Esta semana se dieron a conocer los resultados de las evaluaciones Aprender 2021, que consolidan la información de las distintas jurisdicciones del país. Los datos son alarmantes, aunque no sorprendentes. Se observa una caída tanto en lengua como en matemática, respecto de la última toma de 2018. La caída en la cantidad de alumnos que lograron desempeños satisfactorios o avanzados en Lengua roza los 20 puntos porcentuales.
Mientras en matemática esta caída es de 2,6 puntos porcentuales. La diferencia no debe engañarnos: el deterioro en matemática ya era notorio en la prueba de 2018. En 2021, menos de la mitad de los alumnos de escuelas públicas alcanzaron resultados mínimos satisfactorios. Los resultados, además, ratifican la existencia de una profunda brecha entre la gestión pública y privada. Aunque ninguno de los dos sectores se salva del deterioro.
Los datos deben ser analizados sin precipitación. “En el mar de los promedios se ahogan los enanos”, dice el refrán. Es necesario avanzar con una comprensión profunda y detallada sobre la situación de cada escuela, en cada jurisdicción, en relación con la tasa de participación, los programas de mejora en curso, la incidencia de la pandemia, etc. Más allá del análisis técnico, hay varias conclusiones que pueden extraer los ciudadanos “de a pie”.

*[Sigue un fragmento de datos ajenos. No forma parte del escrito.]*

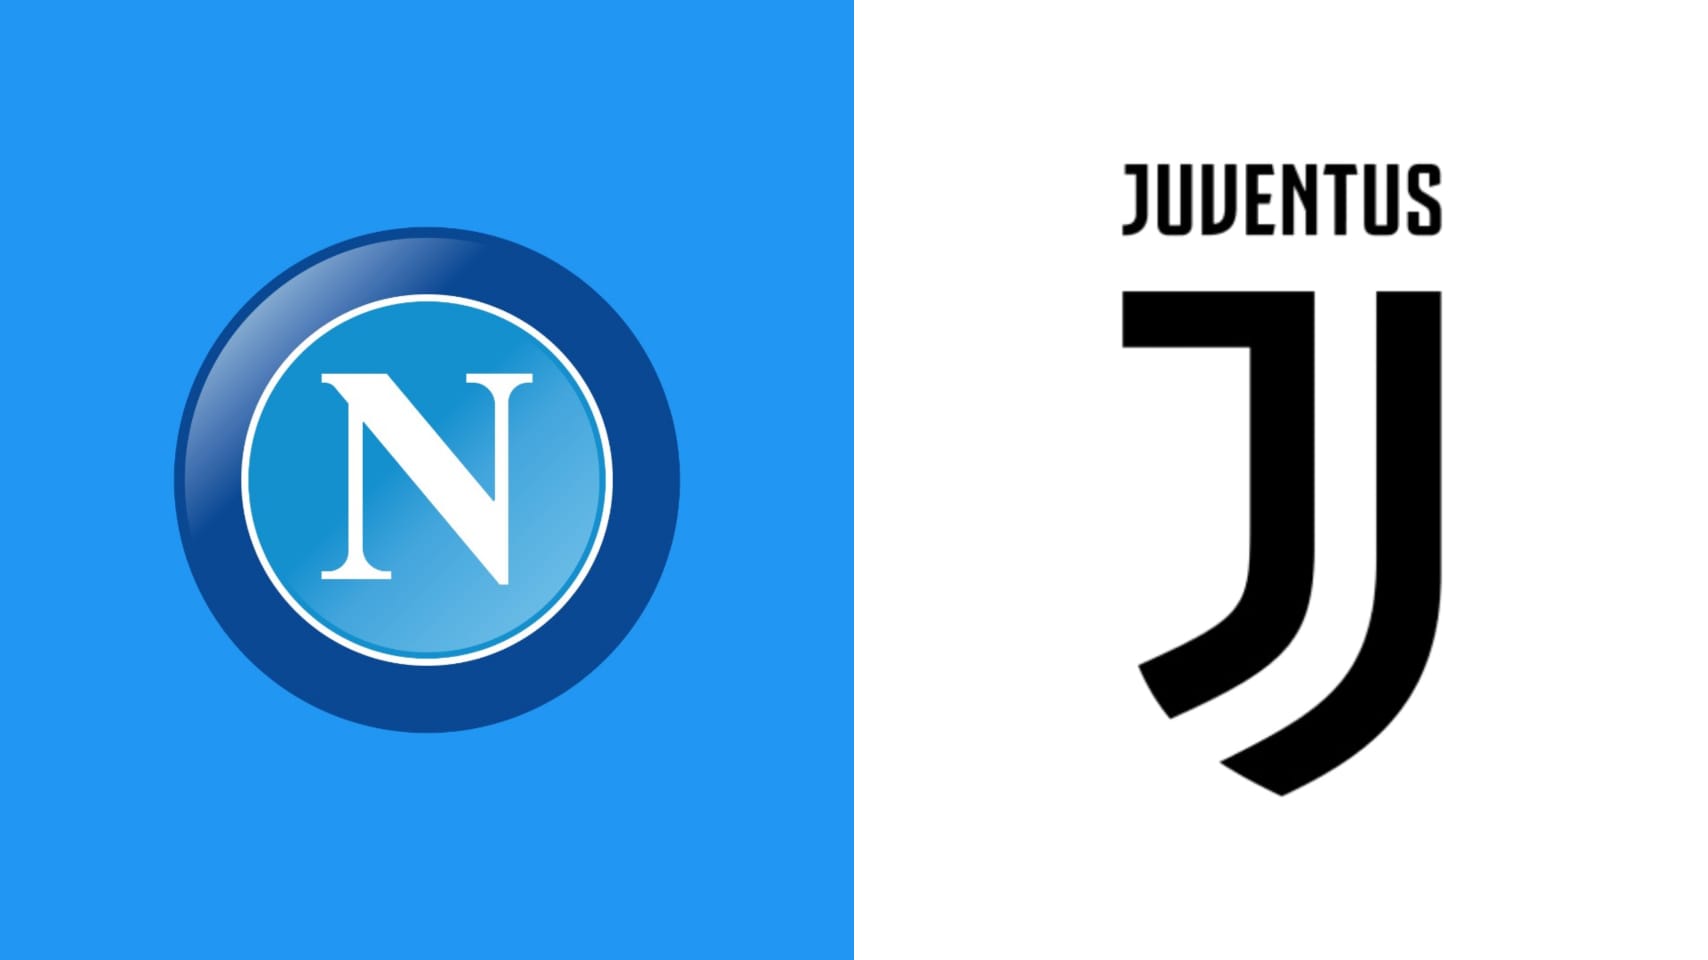 Les logos de Naples et de la Juventus

La primera y fundamental refiere a la importancia insoslayable de contar con datos regulares sobre el desempeño escolar. Aunque nos alarmen los resultados, debemos celebrar la existencia de datos y su publicación transparente. Saber con certeza dónde está la mayor necesidad permite direccionar esfuerzos. Los datos son pilares fundamentales para la construcción de equidad y calidad.
Evidentemente, los resultados de pruebas estandarizadas son como la temperatura del termómetro: traducen en variables parciales y discretas los síntomas del estado de salud del sistema. La temperatura que arroja el termómetro nos habla de una fiebre alta y persistente. Esta es la segunda conclusión: la fiebre no es la enfermedad, sino su síntoma. Los problemas del sistema educativo son diversos, profundos y multicausales.
Las responsabilidades son plurales, no sólo de docentes o directivos. La enfermedad viene desde hace tiempo, algo que es duro de admitir cuando tantas personas (alumnos, docentes, directivos, técnicos, políticos, representantes gremiales) ponen su empeño día tras día para intentar que las cosas mejoren. El reconocimiento de la enfermedad es el principio de la cura. No se trata de un reconocimiento meramente intelectual.
Y es que cuando una herida no duele, existe el riesgo de que pase inadvertida o sea minimizada. Sólo si “duelen los datos” habrá oportunidad de revertir el cuadro. La tercera conclusión tiene que ver con el alcance temporal de los procesos educativos. Debemos prevenirnos de hacer una lectura o utilización político-partidaria de los resultados. Los avances o deterioros en los sistemas educativos suceden en períodos extensos.
Revertir estos resultados llevará años y exigirán el acuerdo de políticas que atiendan “la urgencia del largo plazo”. Es aconsejable que estas políticas sean pocas, simples, pero contundentes. Tal vez la prueba en la que más gravemente venimos fallando como país sea precisamente esta última: la que mide nuestra capacidad de forjar acuerdos políticos multipartidarios y multijurisdiccionales duraderos. Ojalá el dolor presente sirva para avanzar con urgencia en esta dirección.